Veintiún veces he escuchado las mañanitas en la mañana. Veintiún veces he abrazado a mis seres queridos con sonrisas en nuestros rostros. Veintiún veces me han felicitado por un año más de vida. Veintiún veces me han dado la bendición. Veintiún veces he soplado las velas de un pastel y he escuchado el coro de “mordida, mordida”. Veintiún veces ha sido mi día especial.

Durante veintiún años se ha formado una persona con sueños y metas, con temores y fobias. Se ha formado una persona distinta cada año y al mismo tiempo igual a la que nació por cesárea siendo la tercera y última de su camada. Se ha formado una persona con ideas que cambian constantemente y que se aferra a otras con toda su alma.

A veces siente que no ha aprendido nada y otras se sabe madura. A veces parece que sigue con alma de una niña pequeña y otras actúa como si nunca lo hubiese sido. Durante veintiún años se ha formado una persona que sabe que el resto de su vida, al igual que las demás, se dedicará a formarse una y otra vez porque a sus ahora veintiún años sabe que una persona nunca deja de ser y por ello siempre está cambiando.

A sus veintiún años se arrepiente de tantísimas cosas y le ruega a Dios que la perdone, al mismo tiempo se sabe perdonada y una persona de bien que odia toda clase de violencia. Tiene ahora veintiún años y se sabe exageradamente amada por todos los que la rodean. Está feliz, aunque a veces no lo parezca.

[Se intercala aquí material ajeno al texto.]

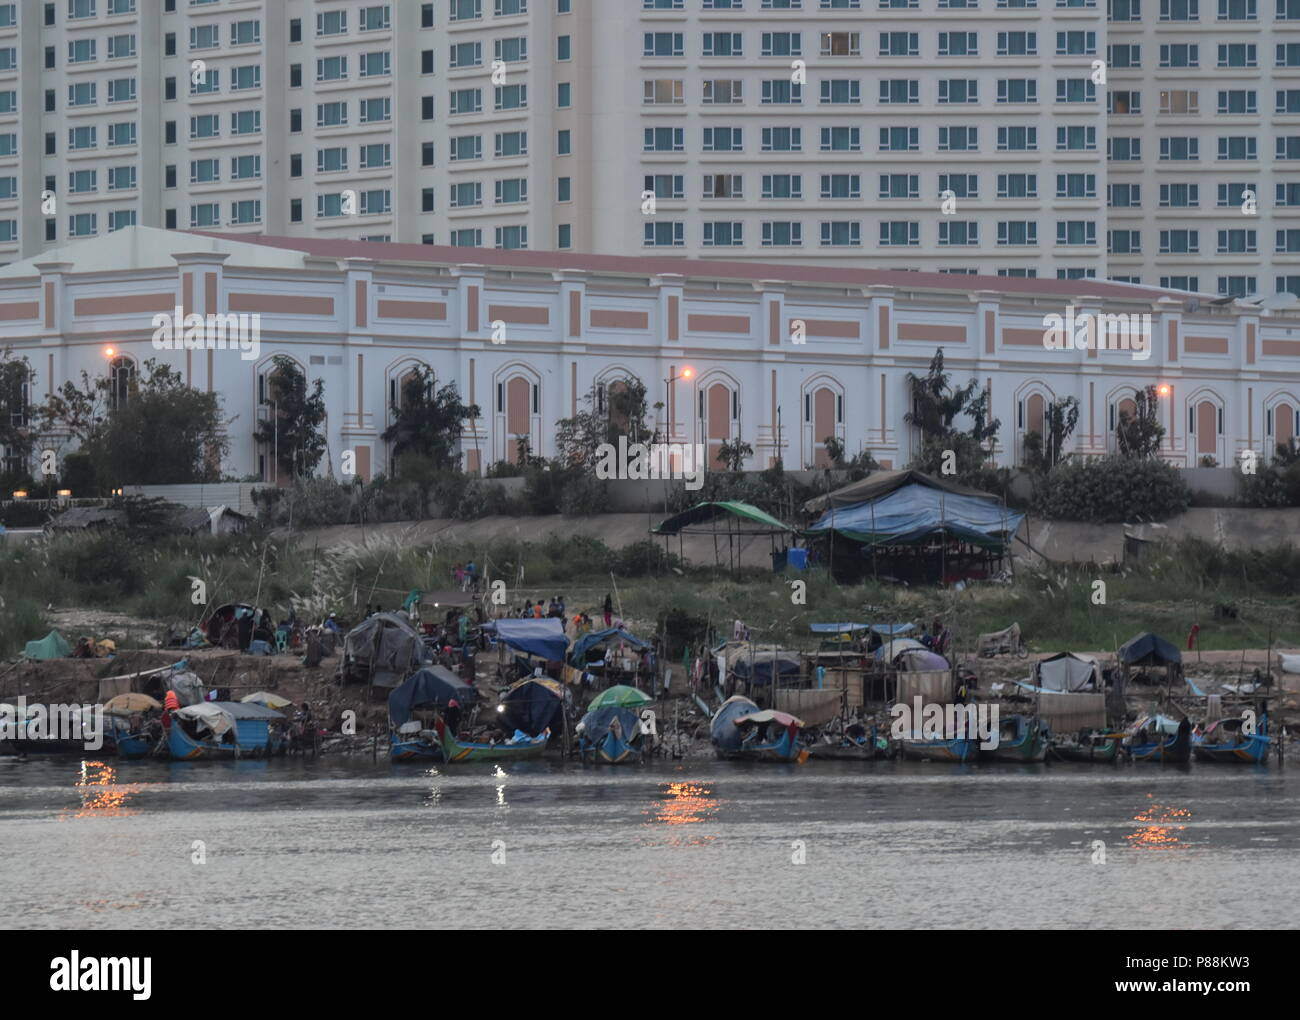 Contraste de hoteles de lujo y barcos de pesca y la pobreza de las minorías musulmanas a lo largo del río Mekong en Phnom Penh, Camboya Imagen De Stock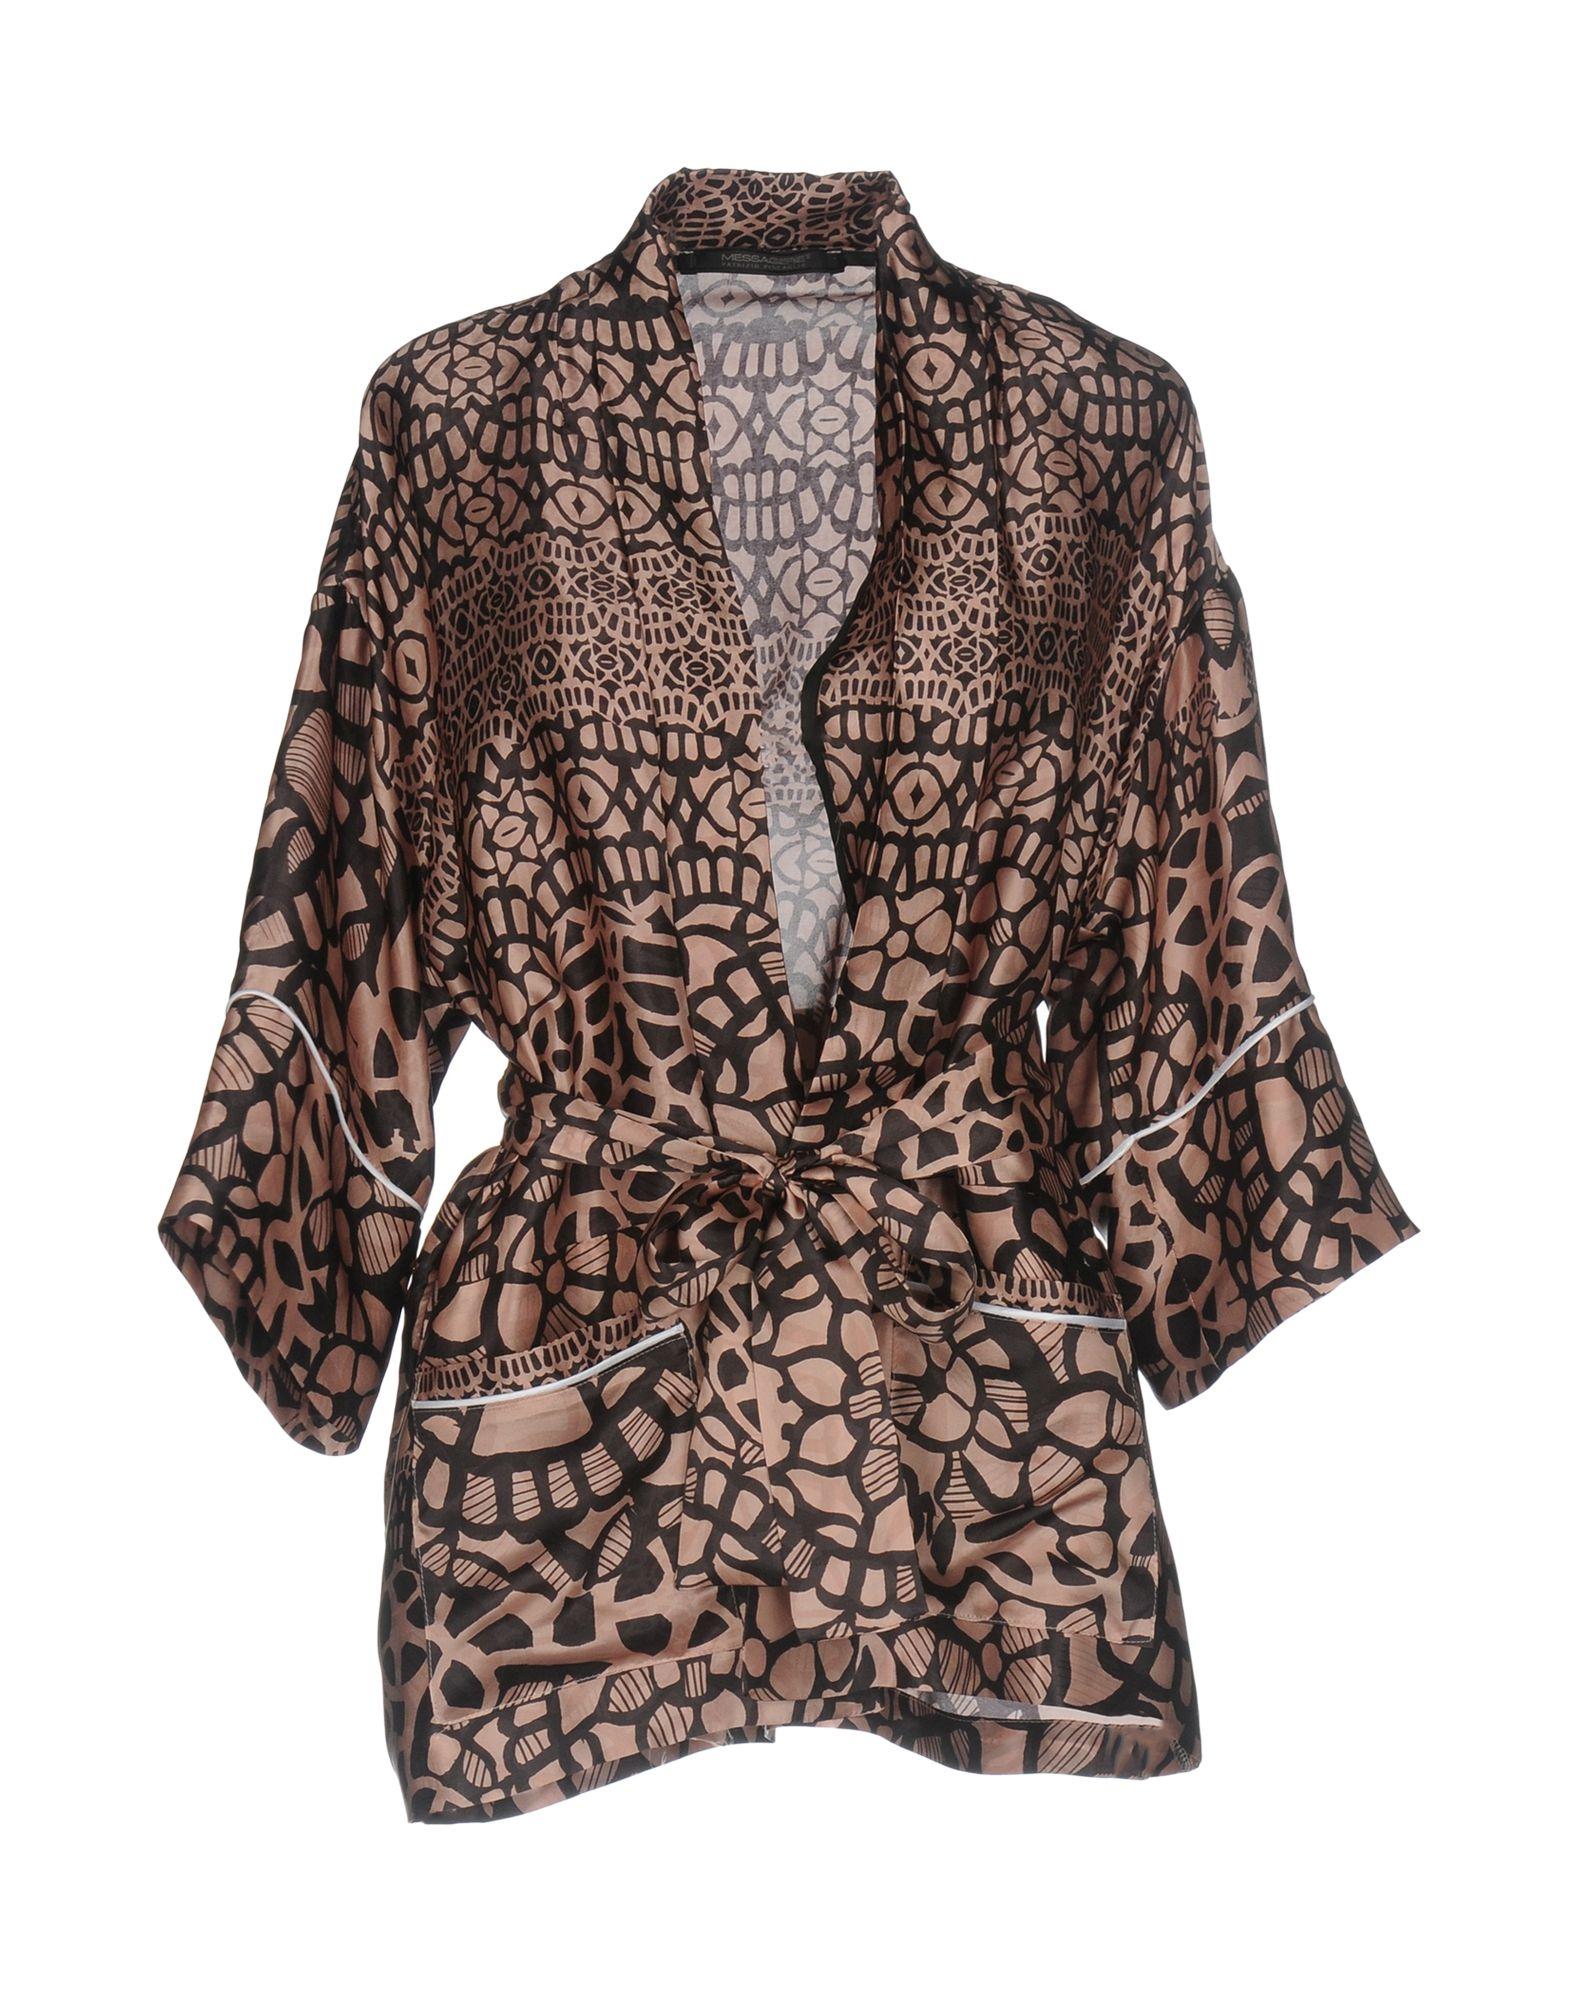 Camicie E Bluse Fantasia Messagerie Donna - Acquista online su sgrqfd

Hoy, día que está cumpliendo veintiún años, sólo se dice una cosa: VIVE. Se aferra con todas sus fuerzas a la vida y a todas sus maravillas. Incluso se aferra a las tristezas y horrores que esta pueden traer porque está consciente de que a veces la vida duele tanto que es el momento donde se empieza a sentirla. Se aferra a sus sueños, sus letras, sus bailes, sus payasadas, sus lágrimas, sus dramas; se aferra a todo lo que ella significa porque durante veintiún años se ha dedicado a darle significado; se aferra a su espíritu y lo retuerce en sus manos porque quiere exprimir todo de él para que sea posible hacer casi cualquier cosa; se aferra a su nombre y a sus apellidos, a lo que le da identidad; se aferra hasta de sus colores favoritos y de aquello que la hace única. Hoy, día que está cumpliendo veintiún años, no puede evitar las lágrimas venir con cada palabra linda de su cabeza a su alma, porque se ama y se dice cosas bellísimas.

Veintiún años siendo la misma de siempre; la misma bebé que salió de la rajada panza de su madre, pero completamente distinta.

28/01/19, un día antes de mi cumpleaños número 21.


    Escritora.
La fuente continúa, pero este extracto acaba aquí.